Setup a local k8s testing environment with Skaffold:

  1. Make sure to have Kubernetes available locally (e.g.: minikube)
  2. Setup the correct namespaces
make setup-skaffold
  1. Install Skaffold and run it in development mode
$ skaffold dev
  1. (OPTIONAL) Install Prometheus and Grafana on K8s
$ helm init
$ helm install \
    --name=prometheus \
    --version=7.0.0 \
    stable/prometheus
$ helm install \
    --name=grafana \
    --version=1.12.0 \
    --set=adminUser=somepassword \
    --set=adminPassword=somepassword \
    --set=service.type=NodePort \
    stable/grafana
  1. Get the service port via: kubectl get svc and login on http://localhost:<service-port>/login
  2. Use port-forward to hit the Prometheus endpoint
export pod=$(kubectl get pods -l app=rg -o go-template --template '{{range .items}}{{.metadata.name}}{{"\n"}}{{end}}'); kubectl port-forward $pod 8000

Contributors

Sean Goedecke [email protected]: implementation of the built in socket monitoring (based on /proc/net/tcp)

Contributing

Create a Pull Request with your changes, ping someone and we'll look at getting it merged.

Copyright and license

Copyright 2019 Zendesk

Licensed under the Apache License, Version 2.0 (the "License"); you may not use this file except in compliance with the License.
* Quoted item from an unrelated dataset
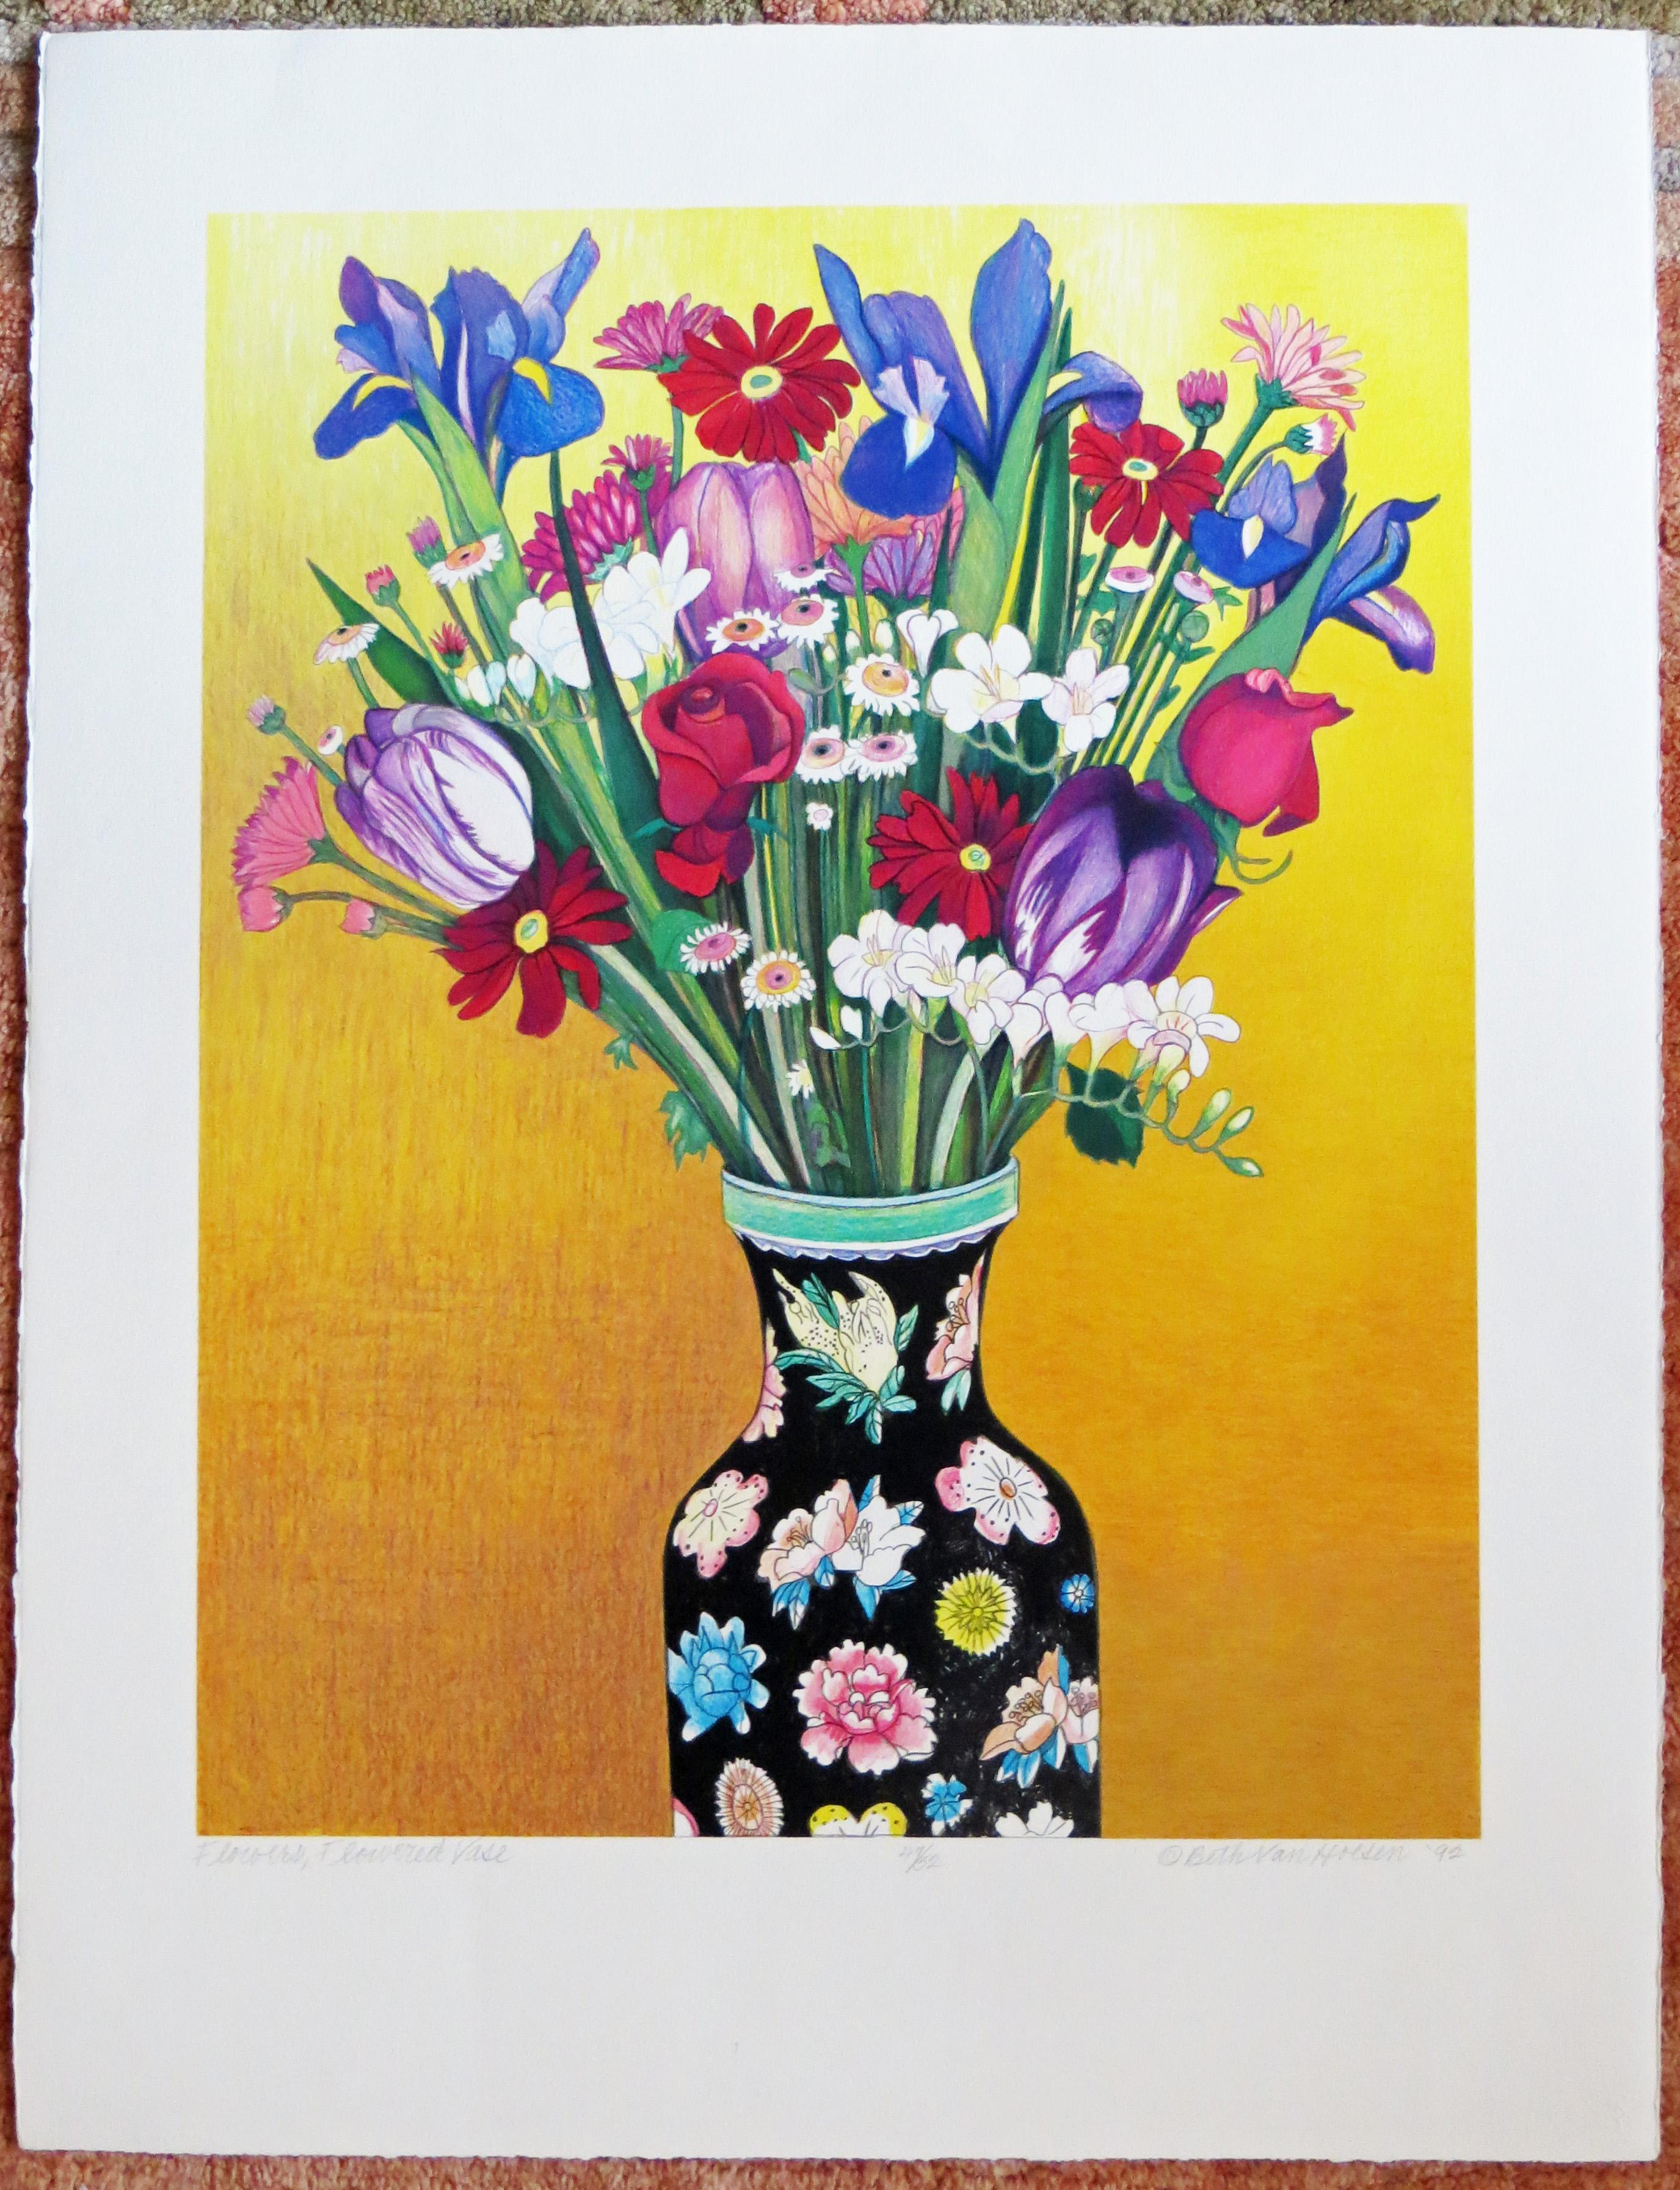 Flowers, Flowered Vase - Print by Beth van Hoesen

You may obtain a copy of the License at http://www.apache.org/licenses/LICENSE-2.0

Unless required by applicable law or agreed to in writing, software distributed under the License is distributed on an "AS IS" BASIS, WITHOUT WARRANTIES OR CONDITIONS OF ANY KIND, either express or implied. See the License for the specific language governing permissions and limitations under the License.